2. The method according to claim 1, characterized in that, The length constraint rule defined in the mapping table M is the length extension rule, which means that the length of the sequence in the lead set is not greater than the length of its paired target antimicrobial peptide sequence.

3. The method according to claim 1, characterized in that, Step 2) also includes the step of expanding the paired training data through data augmentation mode, which specifically involves: keeping the target set S unchanged, expanding the lead set L, so that the same antimicrobial peptide sequence in the target set S is paired with multiple different lead sequences in the lead set L, thereby increasing the amount of paired training data.

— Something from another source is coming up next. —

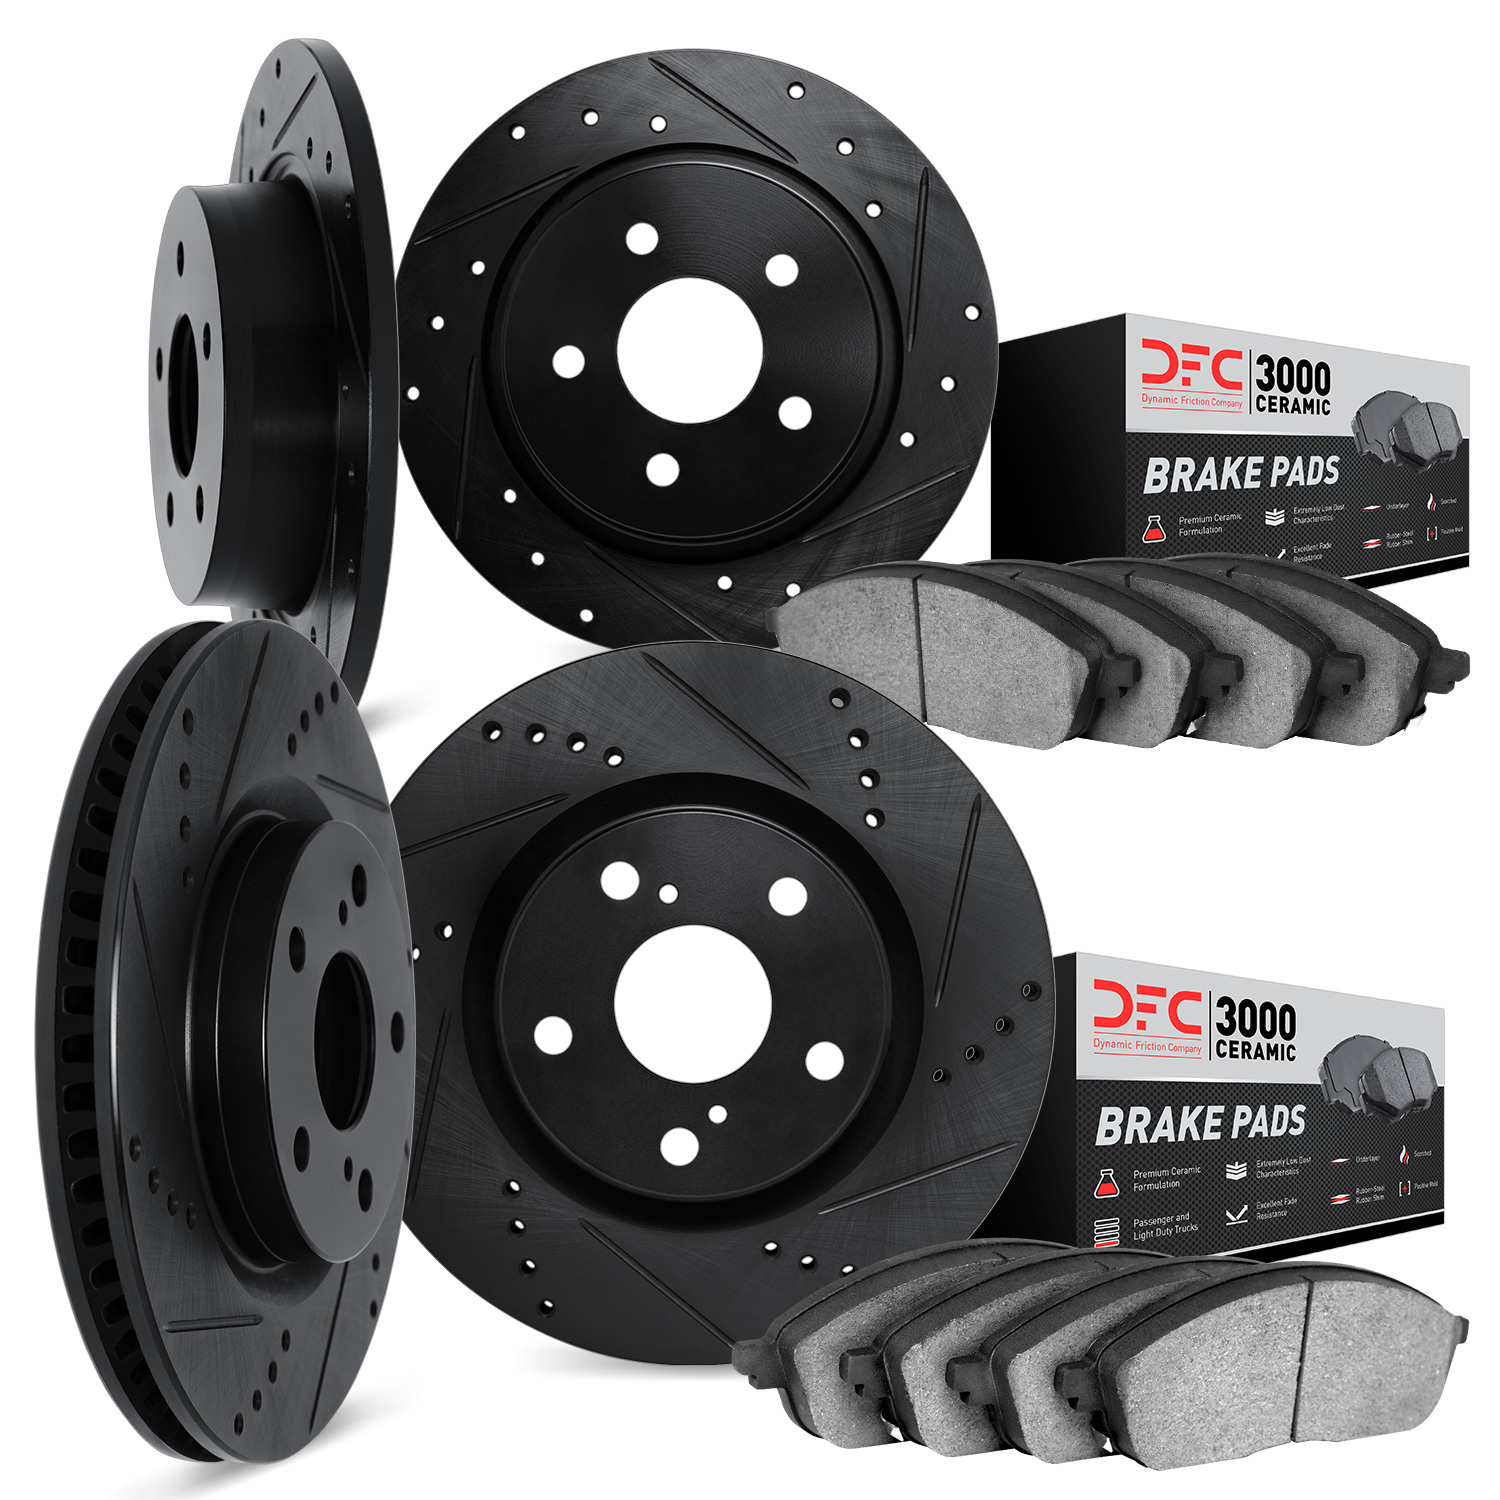 8304-59059 Drilled/Slotted Brake Rotors with 3000-Series Ceramic Brake Pads Kit [Black], 2005-2010 Acura/Honda, Position: Front

4. The method according to claim 3, characterized in that, The methods for expanding the lead set L include: randomly generating new amino acid sequences as new lead sequences; or partially masking the antimicrobial peptide sequences in the target set S and using the masked sequences as new lead sequences.

5. An antimicrobial peptide length adaptive generation device based on a pairwise learning framework, characterized in that, The device includes one or more processors, and a graphics processing unit (GPU); The one or more processors are configured to execute instructions to implement the method of any one of claims 1 to 4.

6. A computer-readable storage medium having a computer program stored thereon, characterized in that, When the computer program is executed by a processor, it implements the method of any one of claims 1 to 4.

7. An electronic device, characterized in that, include: Memory, used to store computer programs; One or more processors, and a graphics processing unit (GPU), for executing a computer program stored in the memory to implement the method of any one of claims 1 to 4.